Paper | Google Colab Example | Website | Citation BibTex
Robocall Audio Dataset is a collection of over one thousand audio recordings of automated or semi-automated phone calls. Such calls are commonly called robocalls. These recordings were made available by the FTC through the Project Point of No Entry initiative (FTC link, FTC News, Web Archive link). The dataset consists of over a thousand robocall audio recording used in the real-world. Most of these robocalls are suspected illegal calls. Malicious actors used a majority of these recordings to defraud people. The dataset also includes the cease and desist letters sent by the FTC to the suspected Point of Entry carrier (also called gateway provider) responsible for routing the call into the North American phone network.
Each audio recording was collected using the links embedded within the Cease and Desist letters sent by the FTC to the suspected call-originating entity (telephone carrier or the robocaller). The webpage and the PDF files published on the PPoNE website were collected using automated crawlers. Links embedded within the PDF were extracted using pdfgrep
and then downloaded using wget
.
Although this dataset does not contain granular information about where or how these audio example were collected, most example robocall audio recordings are collected using telephony honeypots, voicemails, or reports from phone users who may have recorded the call using their own devices. These calls were likely generated by a robocalling system, and the audio traversed the phone network (over a logical channel) before being recorded by the recipient.
Since these recordings are sourced from various honeypots and voicemails, the original audio format included wav
, amr
, and mp3
. Some recordings were in stereo
and others in mono
.
The recordings were converted to WAV
(pcm_s16le
) and resampled to 16kHz
using ffmpeg
. When the source audio was in stereo, it was converted into two mono streams (filenames _left.wav
and _right.wav
). The _left.wav
contains the audio stream originated by the remote party (robocaller), and the _right.wav
contains the audio stream originated by the local party (honeypot or voicemail).

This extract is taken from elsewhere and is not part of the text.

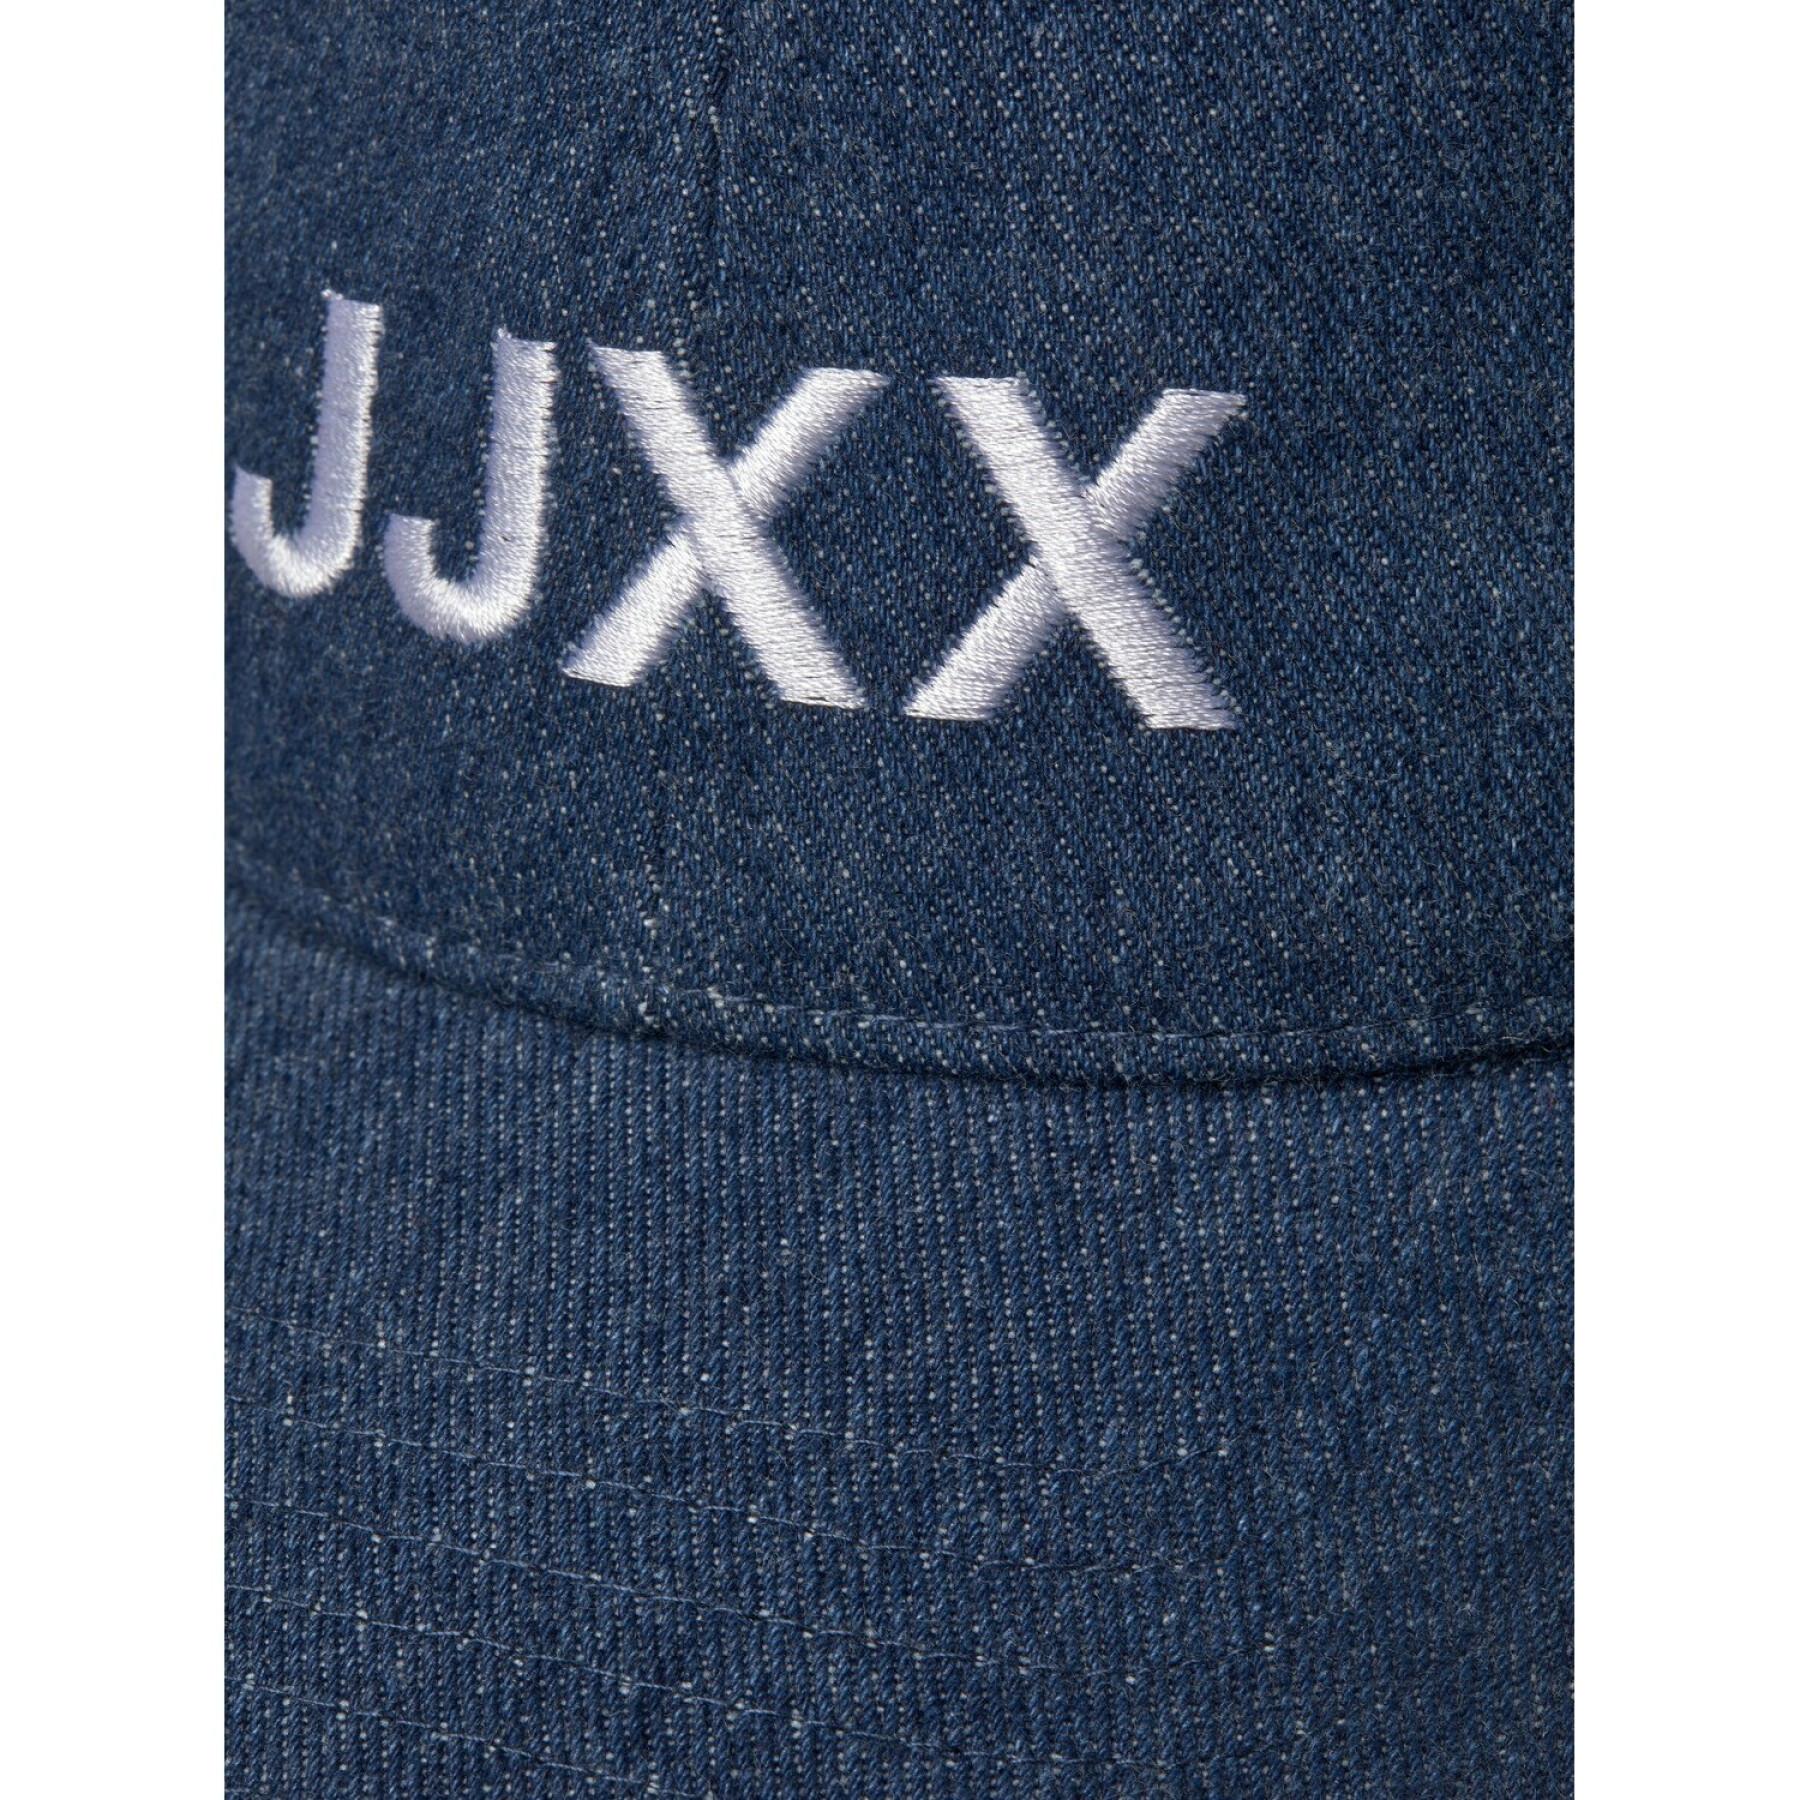 Boné feminino JJXX basic big logo denim

Only the _left.wav
files were transcribed and included in the dataset. However, the respective _right.wav
audio files are also included in the dataset for completeness.
The metadata.csv
format contains the filename and the transcription of the audio recording. It also includes the language used within the call and was detected automatically using Whisper. The dataset consists of 1432 calls out of which 96.2% (1378) calls are in english and 3.8% (54) are in Mandarin/Chinese. The medium
(multilingual) model was used to transcribe the audio. The specific cease and desist letter or the warning letter is also included for each audio recording.
The cease and desist and warning letters are included in the pdf
format in the pdf_files
directory. The case_pdf
column in the metadata.csv
file contains the link to the specific letter for each audio recording.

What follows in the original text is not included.